Using Matlab interactively

You may also use Matlab interactively (i.e. without writing a program). For example, you may do calculations like the following directly at the command prompt >> in the Command window (a prompt means a "ready sign", i.e. the program allows you to enter a command, and different programs often have different looking prompts).

>> 2+2
ans = 4

>> 2*3
ans = 6

>> 10/2
ans = 5

>> 2^3
ans = 8

You may also define variables and use formulas interactively as

>> v0 = 5;
>> g = 9.81;
>> t = 0.6;
>> y = v0*t - 0.5*g*t^2

y =

   1.2342000000000

Sometimes you would like to repeat a command you have given earlier, or perhaps give a command that is almost the same as an earlier one. Then you can use the "up-arrow" key. Pressing this one time gives you the previous command, pressing two times gives you the command before that, and so on. If you go too far, you may go back with the "down-arrow" key. When you have the command at the prompt, it may be edited before pressing enter (which lets Matlab read it).

Arithmetics, parentheses and rounding errors

When the arithmetic operators +, -, *, / and ^ appear in an expression, Matlab gives them a certain precedence. Matlab interprets the expression from left to right, taking one term (part of expression between two successive + or -) at a time. Within each term, ^ is done before * and /. Consider the expression x = 1*5^2 + 10*3 - 1.0/4. There are three terms here and interpreting this, Matlab starts from the left. In the first term, 1*5^2, it first does 5^2 which equals 25. This is then multiplied by 1 to give 25 again. The second term is 10*3, i.e., 30. So the first two terms add up to 55. The last term gives 0.25, so the final result is 54.75 which becomes the value of x.

Note that parentheses are often very important to group parts of expressions together in the intended way. Let us say x = 4 and that you want to divide 1.0 by x + 1. We know the answer is 0.2, but the way we present the task to Matlab is critical, as shown by the following example.

>> x = 4;
>> 1.0/x+1
ans = 1.25000000000000000

>> 1.0/(x+1)
ans = 0.20000000000000001

In the first try, we see that 1.0 is divided by x (i.e., 4), giving 0.25, which is then added to 1. Matlab did not understand that our complete denominator was x+1. In our second try, we used parentheses to "group" the denominator, and we got what we wanted. That is, almost what we wanted! Since most numbers can be represented only approximately on the computer, this gives rise to what is called rounding errors. We should have got 0.2 as our answer, but the inexact number representation gave a small error. Usually, such errors are so small compared to the other numbers of the calculation, that we do not need to bother with them. Still, keep it in mind, since you will encounter this issue from time to time. More details regarding number representations on a computer is given in the section Finite precision of floating-point numbers.

Variables

Variables in Matlab will be of a certain type. Real numbers are in computer language referred to as floating point numbers, being the default (i.e. what Matlab uses if nothing is specified) data type in Matlab. These are of two kinds, single and double, corresponding to single and double precision, respectively. It is the "double" that is the default type. With double precision, twice as many bits (\( 64 \)) are used for storage as with single precision. Writing x = 2 in some Matlab program, by default makes x a double, i.e. a float variable.
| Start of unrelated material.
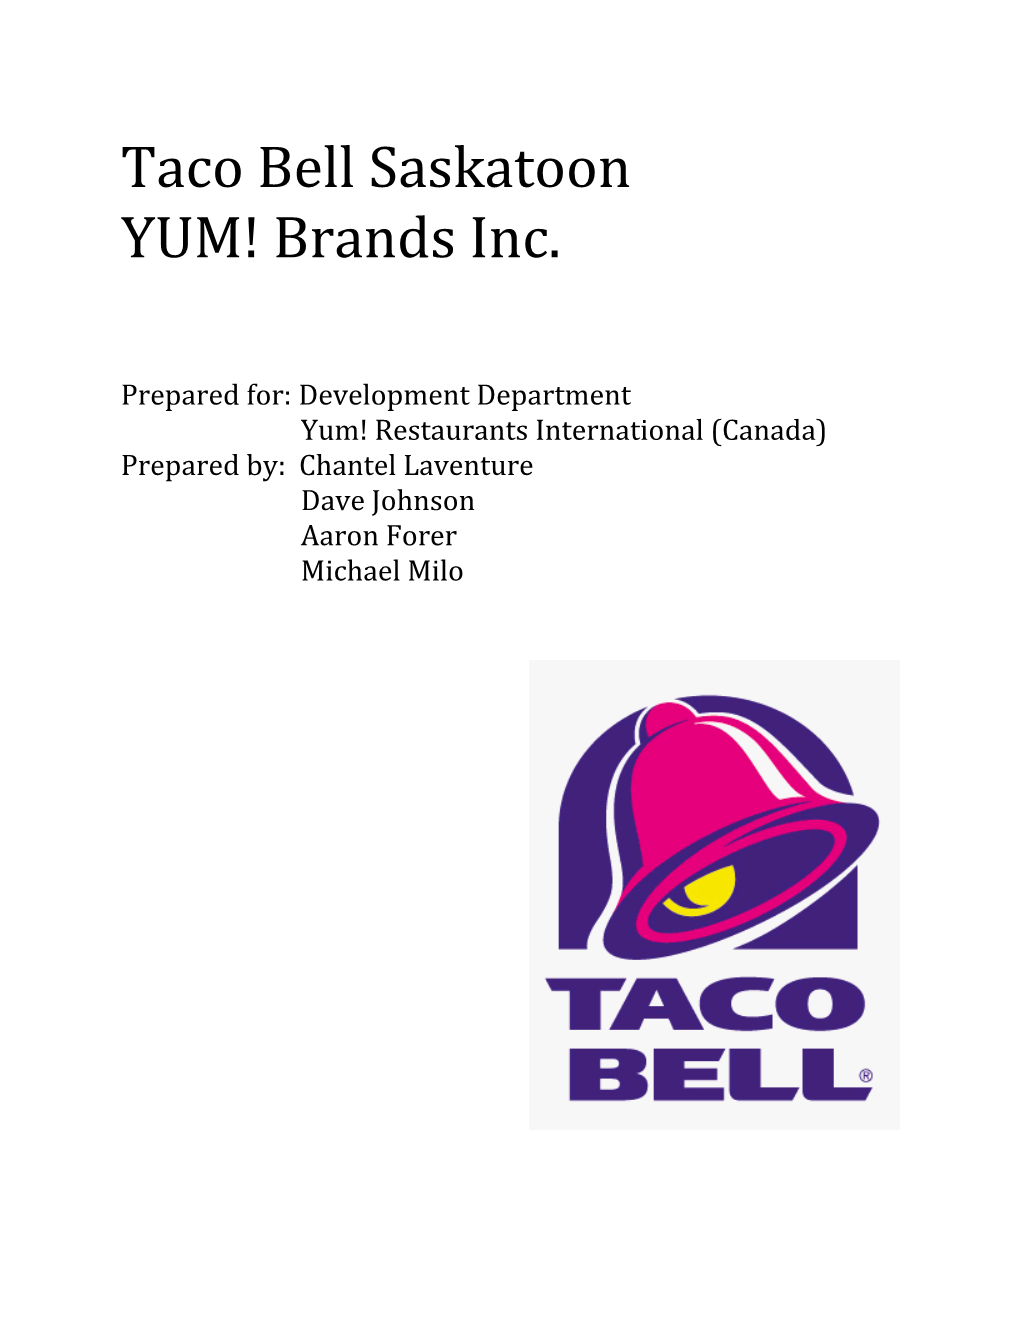 Taco Bell Saskatoon YUM! Brands

Whole numbers may be stored more memory efficiently as integers, however, and there are several ways of doing this. For example, writing x = int8(2), or x = int16(2), will store the integer \( 2 \) in the variable x by use of \( 8 \) or \( 16 \) bits, respectively.

Another common type of variable is a string, which we get by writing, e.g., x = 'This is a string'. The variable x then becomes a string variable containing the text between single quotes (the string actually becomes an array of characters, see "Arrays" below). Several other standard data types also exist in Matlab.

You may also convert between variable types in different ways. For example, after first writing x = 2 (which causes x to become a double), you may write y = single(x) to make y contain the number \( 2 \) with single precision only. Type conversion may also occur automatically, e.g. when calling a ready-made Matlab function that requires input data to be of a certain type. When combining variables of different types, the result will have a type according to given rules. For example, multiplying a single and a double, gives a single variable.

Names of variables should be chosen so that they are descriptive. When computing a mathematical quantity that has some standard symbol, e.g. \( \alpha \), this should be reflected in the name by letting the word alpha be part of the name for the corresponding variable in the program. If you, e.g., have a variable for counting the number of sheep, then one appropriate name could be no_of_sheep. Such naming makes it much easier for a human to understand the written code. Variable names may also contain any digit from 0 to 9, or underscores, but can not start with a digit. Letters may be lower or upper case, which to Matlab is different. Note that certain names in Matlab are reserved, meaning that you can not use these as names for variables. Some examples are for, while, if, else, end, global and function. If you accidentally use a reserved word as a variable name you get an error message.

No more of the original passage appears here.